LinuxQuestions.org - [SOLVED] HELP: system load on server is very high

- Linux - Server (https://www.linuxquestions.org/questions/linux-server-73/)

- - HELP: system load on server is very high (https://www.linuxquestions.org/questions/linux-server-73/help-system-load-on-server-is-very-high-4175429969/)

HELP: system load on server is very high

My system responds very slow on Apache requests, as far I analyzed top-command it have something to do with high system CPU usage - but how to analyze this further?
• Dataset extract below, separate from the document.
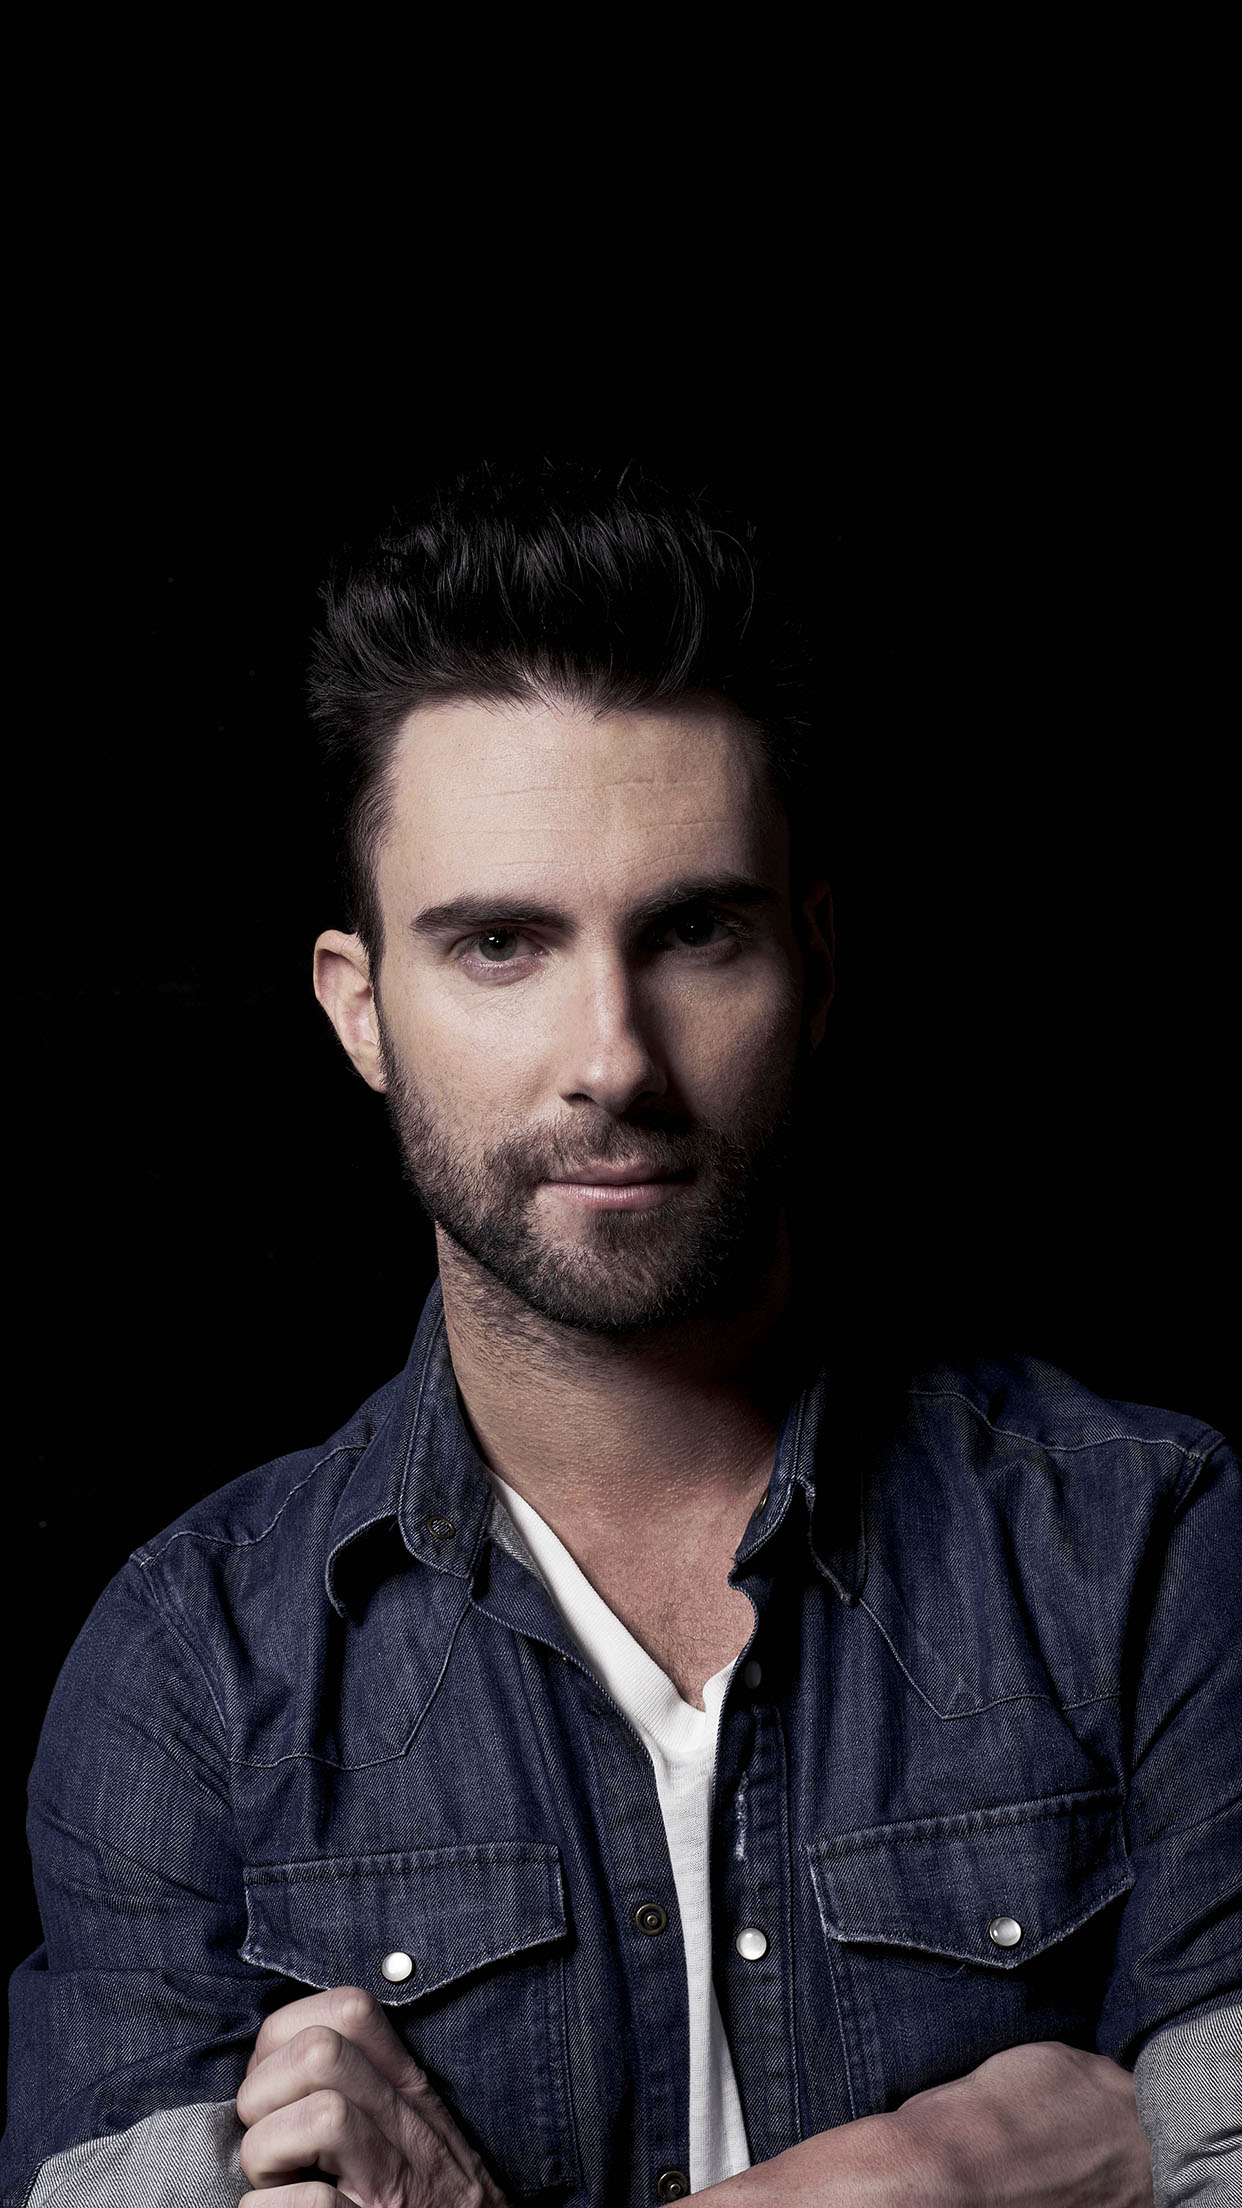 M Adam Levine Pop Rock Band Maroon 5 Music Celebrity Android wallpaper

Here is the top-output during a standard (small and simple) http request. This runs on another server within 2s, but on the problematic ones it takes minutes:

Code:

top - 01:06:10 up 3 days,  9:54,  3 users,  load average: 2.02, 1.89, 2.28

Tasks:  55 total,  2 running,  53 sleeping,  0 stopped,  0 zombie

Cpu(s): 13.6%us, 83.4%sy,  0.0%ni,  0.2%id,  2.5%wa,  0.0%hi,  0.2%si,  0.0%st

Mem:    61540k total,    58832k used,    2708k free,        0k buffers

Swap:        0k total,        0k used,        0k free,    17632k cached



  PID USER      PR  NI  VIRT  RES  SHR S %CPU %MEM    TIME+  COMMAND

28536 www-data  20  0 46956  11m 5128 R 12.6 19.2  0:18.61 apache2

31953 root      20  0  2820  752  664 S  8.7  1.2  0:00.42 wget

 9370 root      20  0  2536  692  476 R  6.4  1.1  2:32.23 top

 6412 root      20  0  8920  800  304 S  4.3  1.3  0:15.25 sshd

31951 root      20  0  1664  492  436 S  2.9  0.8  0:00.20 sh

The server is a tiny embedded single-core ARM, but this shouldn't matter. On some other servers with identical hardware, the same request runs fine.
The distri ist Debian Squeeze.

I have the gut-feeling that the high system-load is somehow caused by Apache, but can't strengthen this thesis. The apache error.log shows nothing...
How to find the process causing this??

Edit: The best explanation for high %sy in top I found is:
"having higher numbers here may indicate a problem with kernel configs, a driver issue, or any number of other things" here
But this don't help...

Thanks
Achim

Is the load average consistently high?

Can you post the output of some other performance tools? vmstat, iostat, free etc

Quote:

Originally Posted by AchimRS (Post 4794390)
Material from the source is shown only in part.